There must be more regular review of the business income tax provisions to ensure that the special provisions for some taxpayers are providing adequate return on the forgone revenue investment of us all. We urge the Finance Committee to continue its efforts to move forward with tax reform, especially the repeal and reform of outdated, costly energy provisions – even in the absence of comprehensive tax reform.

 

Sincerely,

 

Ryan Alexander President, Taxpayers for Common Sense



[1] Cellulosic ethanol is also eligible for numerous grants, loan guarantees, and other subsidies through the farm bill energy title and various energy bill provisions. The federal Renewable Fuel Standard (RFS) also mandates production of 16 billion gallons of cellulosic ethanol by 2022. Biomass-based diesel qualifies as an “advanced biofuel” toward the RFS mandate.

[2] Types of biodiesel eligible for the tax credit include those derived from the following feedstocks: “virgin oils, esters derived from corn, soybeans, sunflower seeds, cottonseeds, canola, crambe, rapeseeds, safflowers, flaxseeds, rice bran, mustard seeds, and camelina, and from animal fats.” http://www.propetroleum.com/PDFS/certificate_bio-diesel.pdf

[3] Eligible facilities include gasoline stations, those installing biodiesel or 85% ethanol (E85) blender pumps, or repowering sites for electric vehicles. Stations dispensing natural gas, liquefied natural gas (LNG), and liquefied petroleum gas (LPG) are also eligible for the credit.

[4] Including facilities use agricultural livestock waste nutrients, nonhazardous cellulosic waste material, or other agricultural waste materials to produce electricity.
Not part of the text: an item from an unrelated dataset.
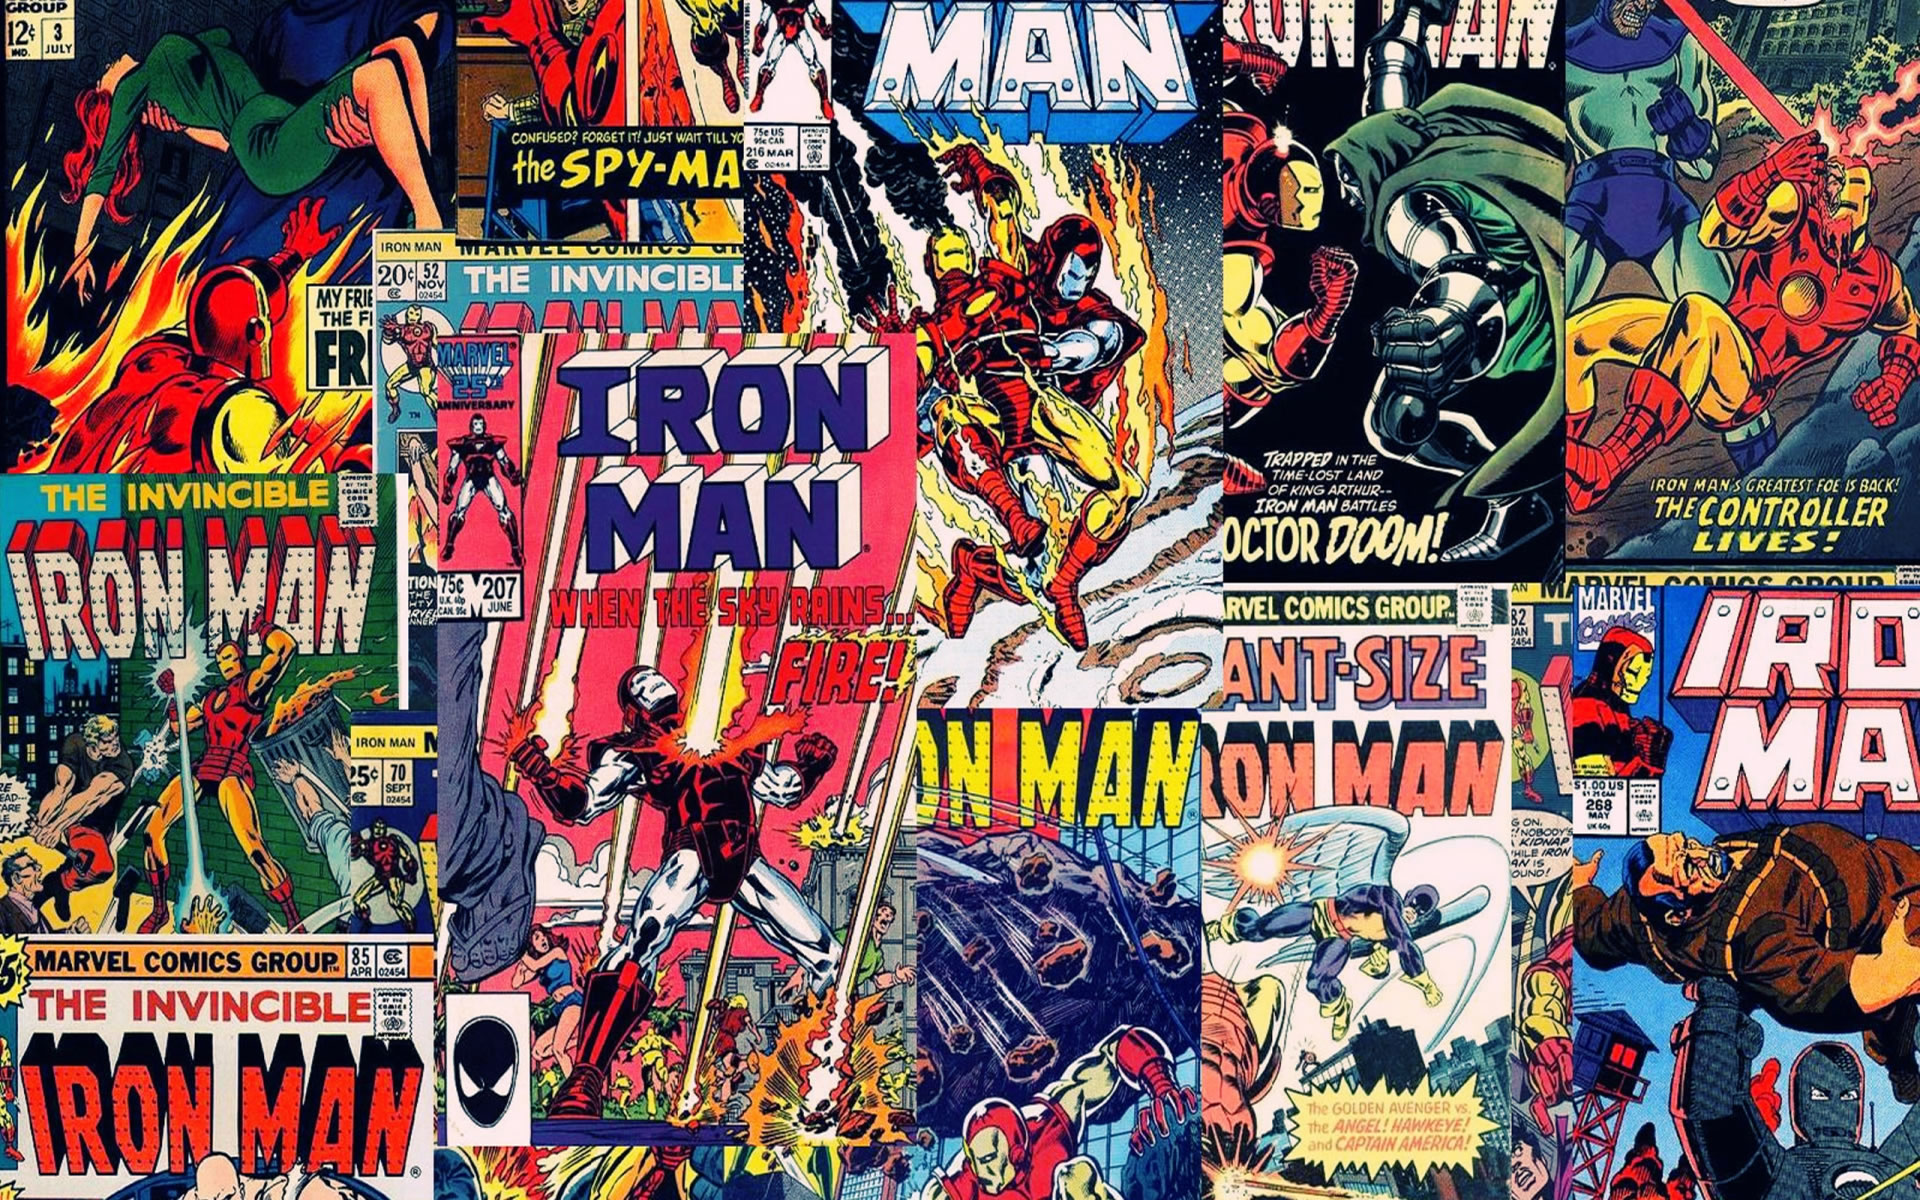 Wallpaper con Cómics Iron man

[5] The amount of the credit varies across fuel types with level of greenhouse gas emission per unit of energy produced – energy sources that produce no CO2 equivalent emissions receive the maximum credit. The draft phases out the new credits and ITCs when the Treasury Department (with EPA and Energy Department) determines that average CO2 equivalents per BTU have fallen below specified targets.